Holder even admitted they really can't regulate the banks because of the impact that bringing down one of those banks would have on the economy- a startling admission that the banks control the country

49   smaulgld   2014 Mar 19, 9:32am  

bgamall4 says

Our nation is not powerful enough to stop the Fed or decide. Look at when Tim Geithner was forced on the treasury as a Fed Mole. The guy actually gave money to banks everywhere to cover AIG's mistakes, and he did so at the behest of the Fed.

True and Geither actually did some document cover up for AIG-straight up criminal act and nothing happened.
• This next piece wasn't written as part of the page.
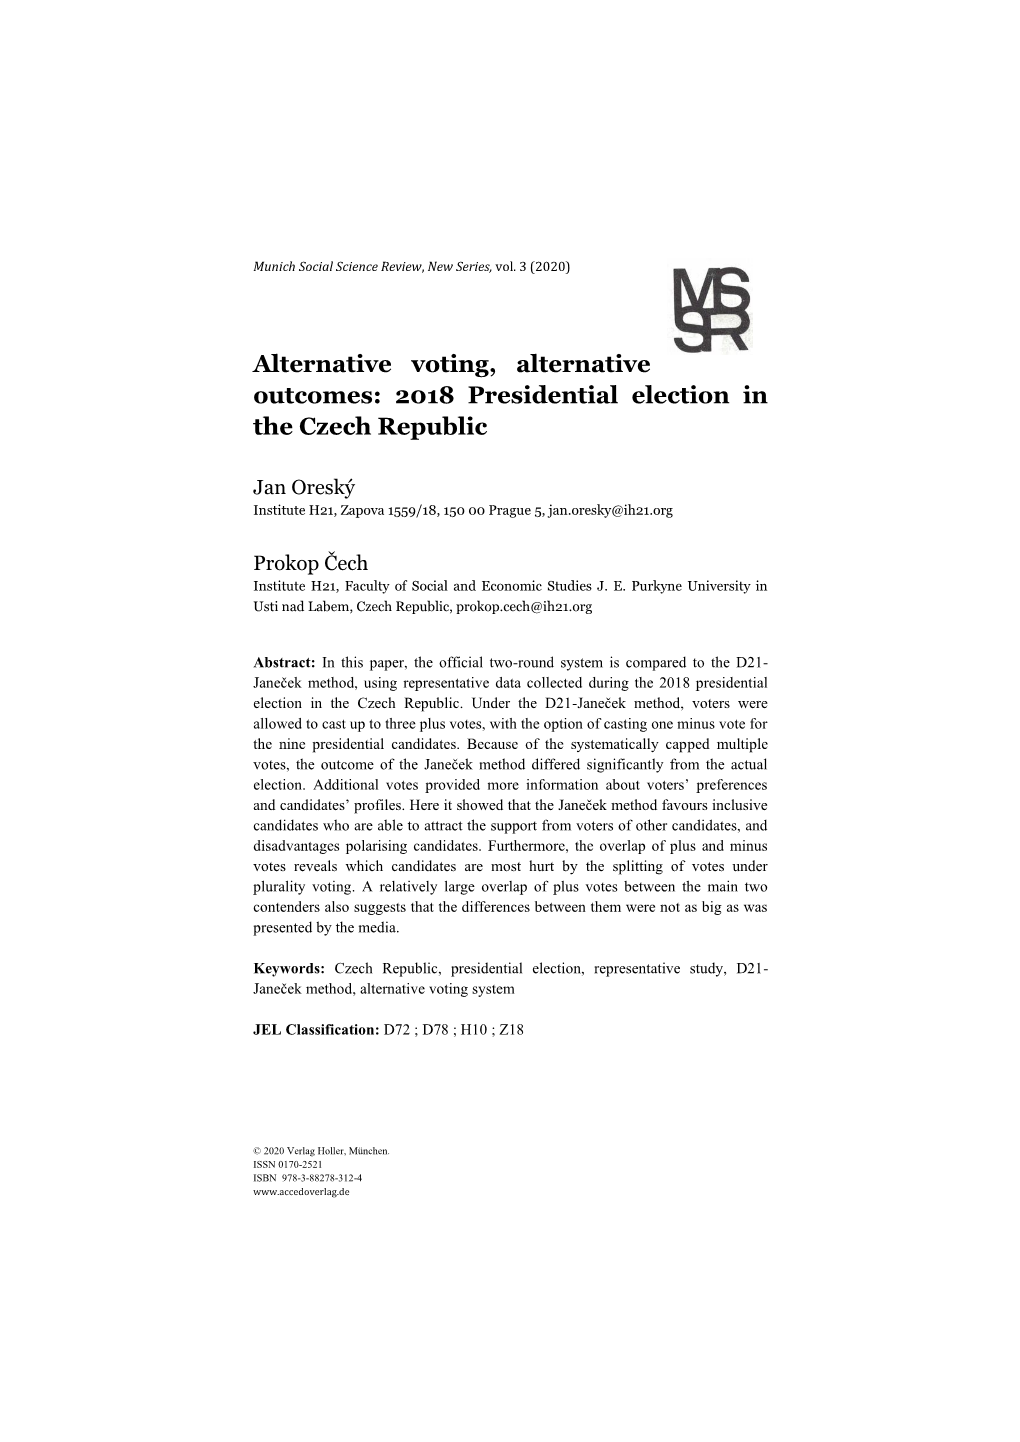 Alternative Voting, Alternative Outcomes: 2018 Presidential Election in the Czech Republic
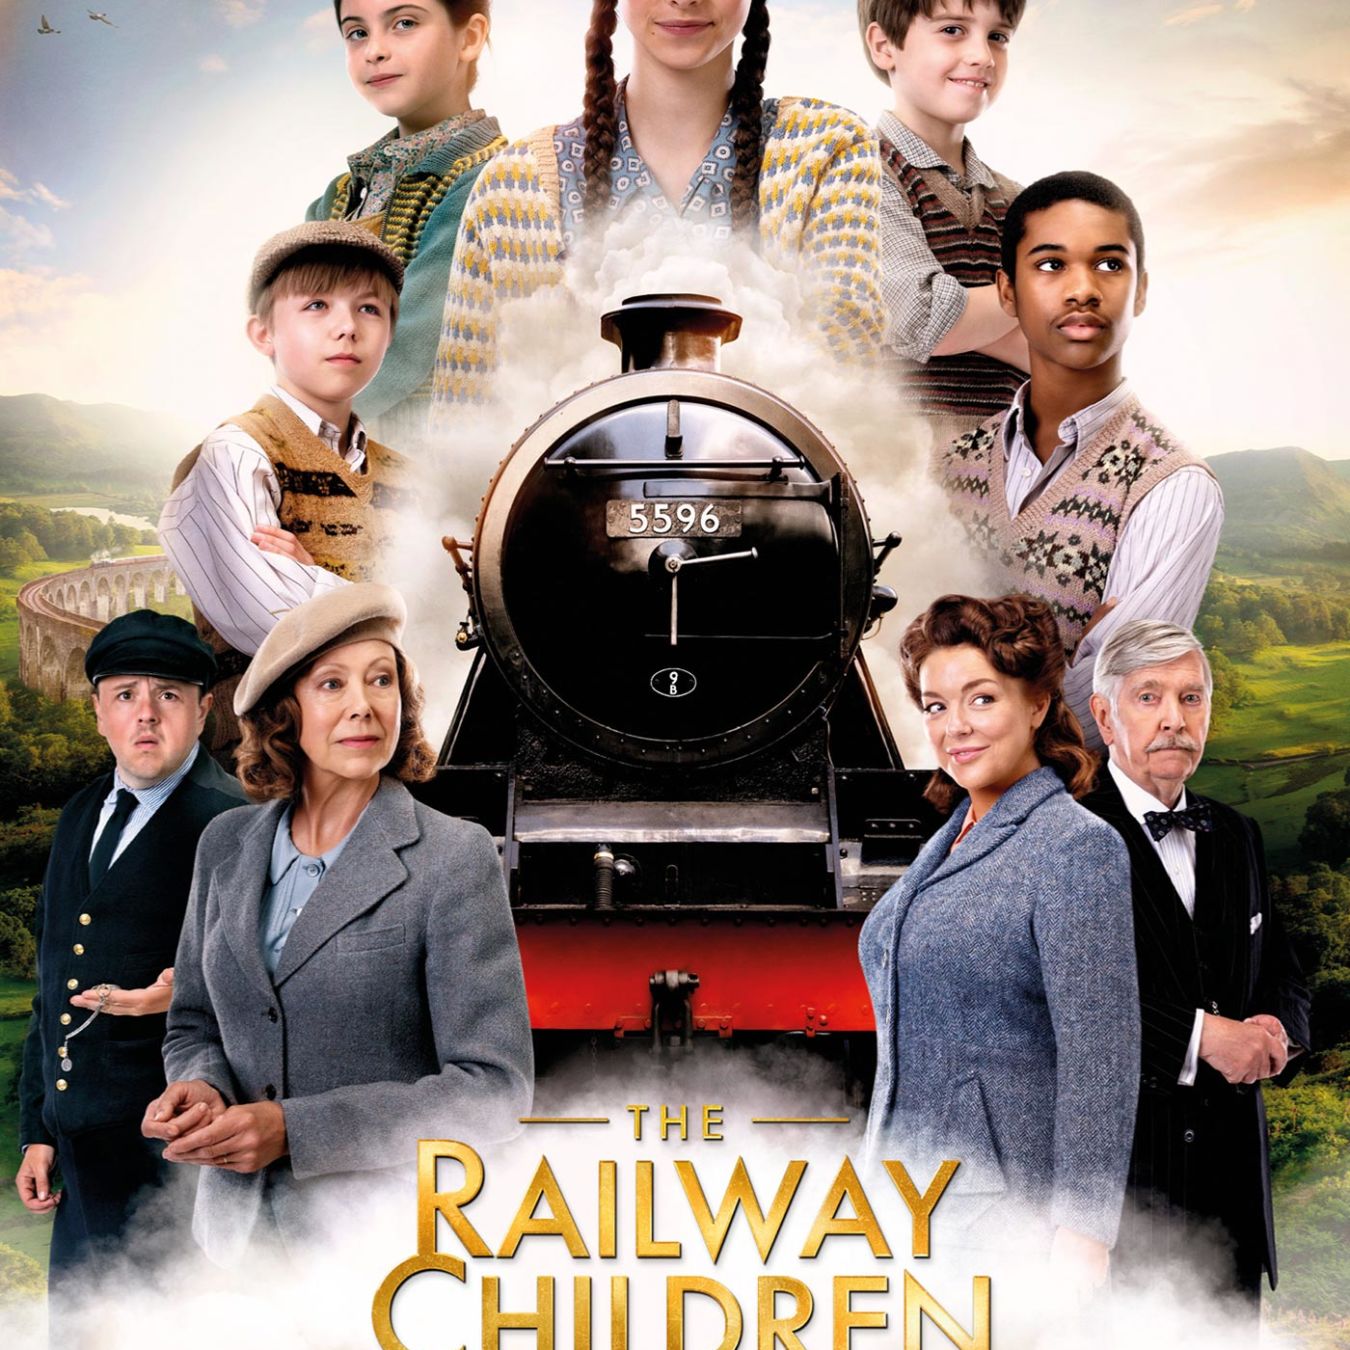 Publicity poster for The Railway Children: Return

http://www.businessinsider.com/the-25-billion-dollar-secret-the-ny-fed-goldman-and-the-aig-cover-up-2009-11

and then there was the issue of his personal taxes and failing to report portions of his income for two years and he still became treasury secretary http://blogs.wsj.com/washwire/2009/01/21/turbotax-responds-to-treasury-nominees-disclosure/

50   smaulgld   2014 Mar 19, 9:33am  

indigenous says

Maybe, but I think my take is more accurate. His wife is quite doable, she hales from NBC which makes her mutually exclusive to Austrian economics, this would put poor Alan at her mercy...

fame power and women- all human weaknesses

51   smaulgld   2014 Mar 19, 9:34am  

Its part bad monetary policy and part fraud working together

52   spydah_hh   2014 Mar 19, 11:55am  

smaulgld says

spydah_hh says

The hype and herd mentality that is created by cheap money from the FED, yes

Not all bubbles however are created by the Fed.

The stock market bubbles are a direct result of Fed policy as was the housing bubble in the 2000's and the housing price bubble of the past two years.

The Fed admits that their policies are designed to raise asset values in stock and real estate markets to create a wealth effect-they just don't call rising stock and real estate prices, bubbles when the underlying fundamentals don't support the valuations, they call it a success.

No, all bubbles were created by the FED. Now if you're speaking of recessions then I'd agree not all recessions are created by the FED.

A recession can be caused by a bubble which effects the entire economy in all sectors now a recession that's not created by a bubble normally does not effect the entirety of the economy.